The report from Chapman makes a lot of sense but is gaining little traction with public officials. That’s likely because the public sector has gotten a reprieve from a reckoning thanks to a gusher of tax revenue from initial public offerings and capital gains on shares of tech outfits from Silicon Valley to Silicon Beach.

We all know that the stock market can’t go up forever – tech stocks have already taken a hiding this month. So it’s important to ask how long California can live in denial.

New York City’s history might offer a hint. Comparisons of California to New York are plentiful – and generally unwise—but there are exceptions to the rule if we look back into the
Industrial Age.

New York’s greatest challenge of recent times started in the wake of World War II, when a general-turned-politician named Dwight Eisenhower got elected president and started to build an interstate highway system. It was a defense project—despite its obvious civilian applications—inspired by Eisenhower’s experience with the logistics of invading Europe.

New York was the largest center of industrial jobs in the U.S. in the early 1950s, when the interstate highway system began to take shape. The highways soon sped up the development of suburbs and new centers of industry, allowing the country to spread out— and eroding New
York’s dominant position, prompting the first post-industrial transition for a major American city.

It didn’t go well—plenty of denial for many years—and New York was disheveled, dispirited, and broke by the 1970s. The decline continued into the 1990s, when New York finally found the political will for policies that produced a turnaround.

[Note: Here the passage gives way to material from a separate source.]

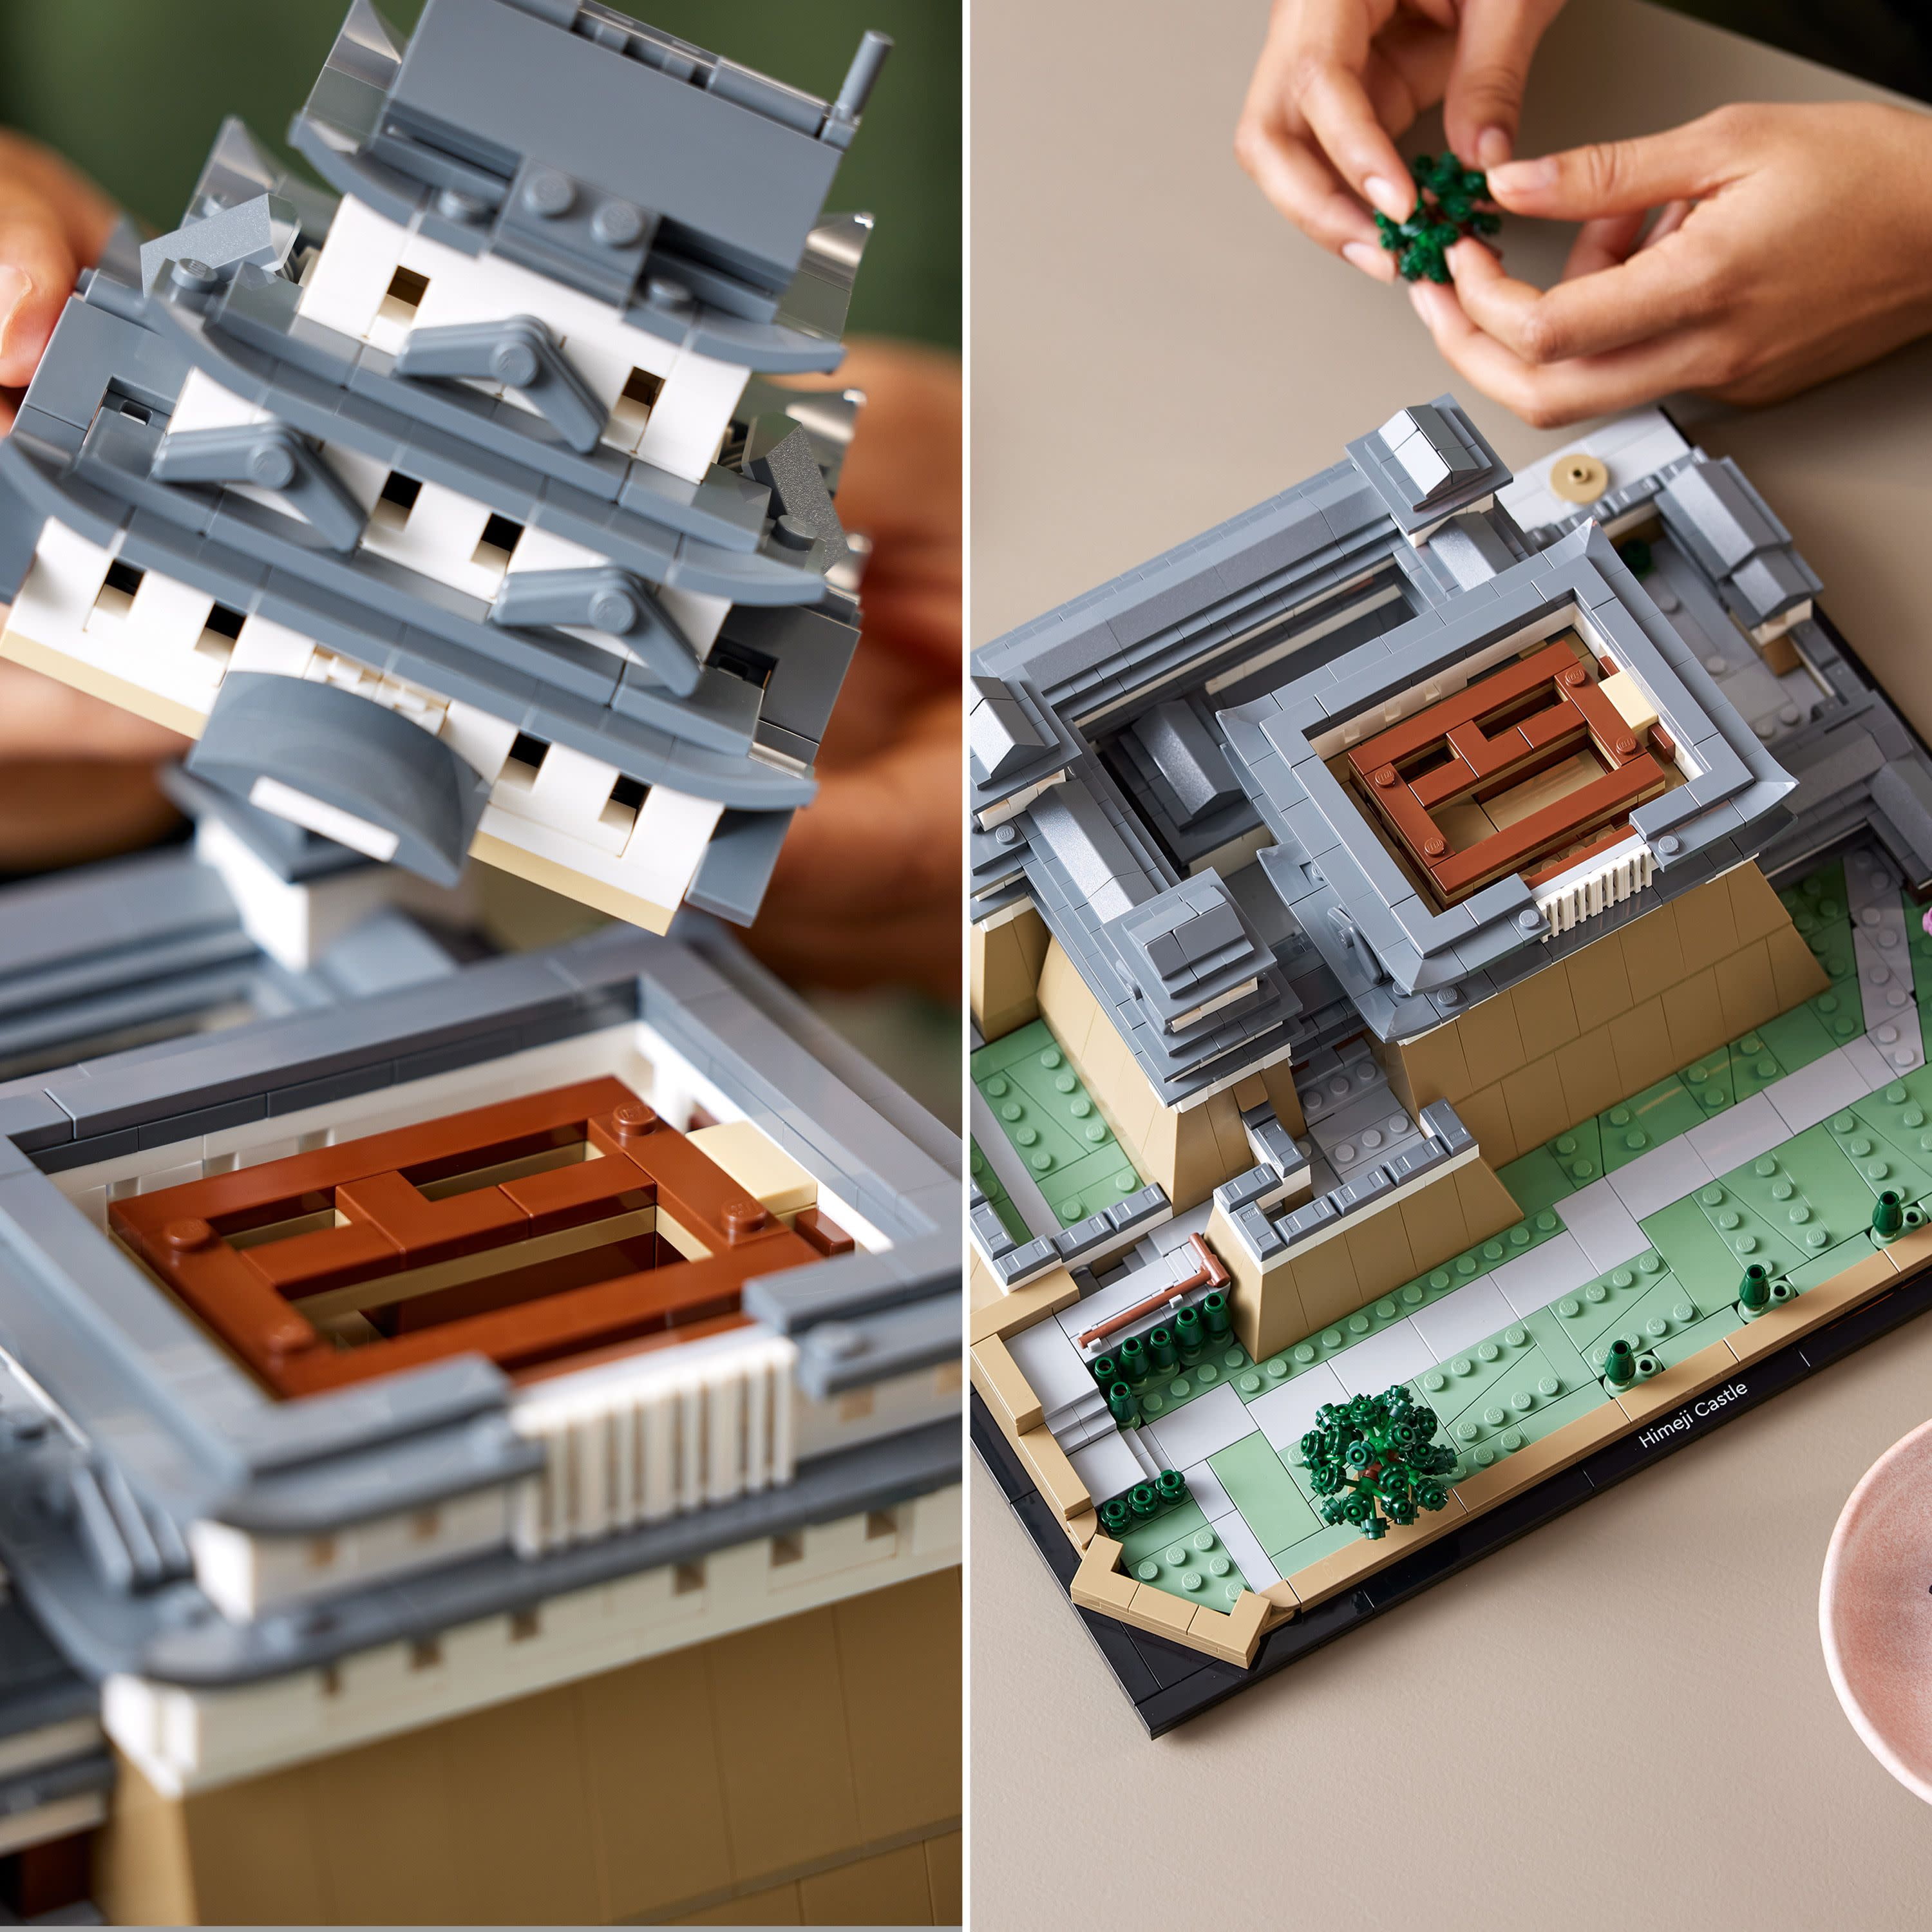 LEGO Architecture Landmarks Collection: Himeji Castle 21060 Building Set,  Build & Display this Collectible Model for Adults, Fun Gift for Lovers of  Japan, Famous Japanese Buildings, History and Travel

Now consider Southern California, where the information superhighway could have an effect similar to the toll that Eisenhower’s interstate highway system took on New York. Those physical roads opened up a world of new options for a lot of opportunities that previously had to run through Manhattan. The roadways of cyberspace have put the means of producing everything from podcasts to feature-length films within reach of just about anyone with any ambition anywhere in America. That’s the sort of stuff that used to run by default through the dream factory of Southern California.

The region’s dominant city and driving force—L.A.—is looking disheveled these days, like a place that’s just a recession away from being broke. Walk a few blocks from City Hall—or drive around and check the freeway underpasses – and L.A. feels like New York circa 1970.

That comparison might be taken to mean there’s another decade or so before the City of Angels is forced to face its demons.

Don’t count on having that much time, though – the clock ticks faster in the Digital Age.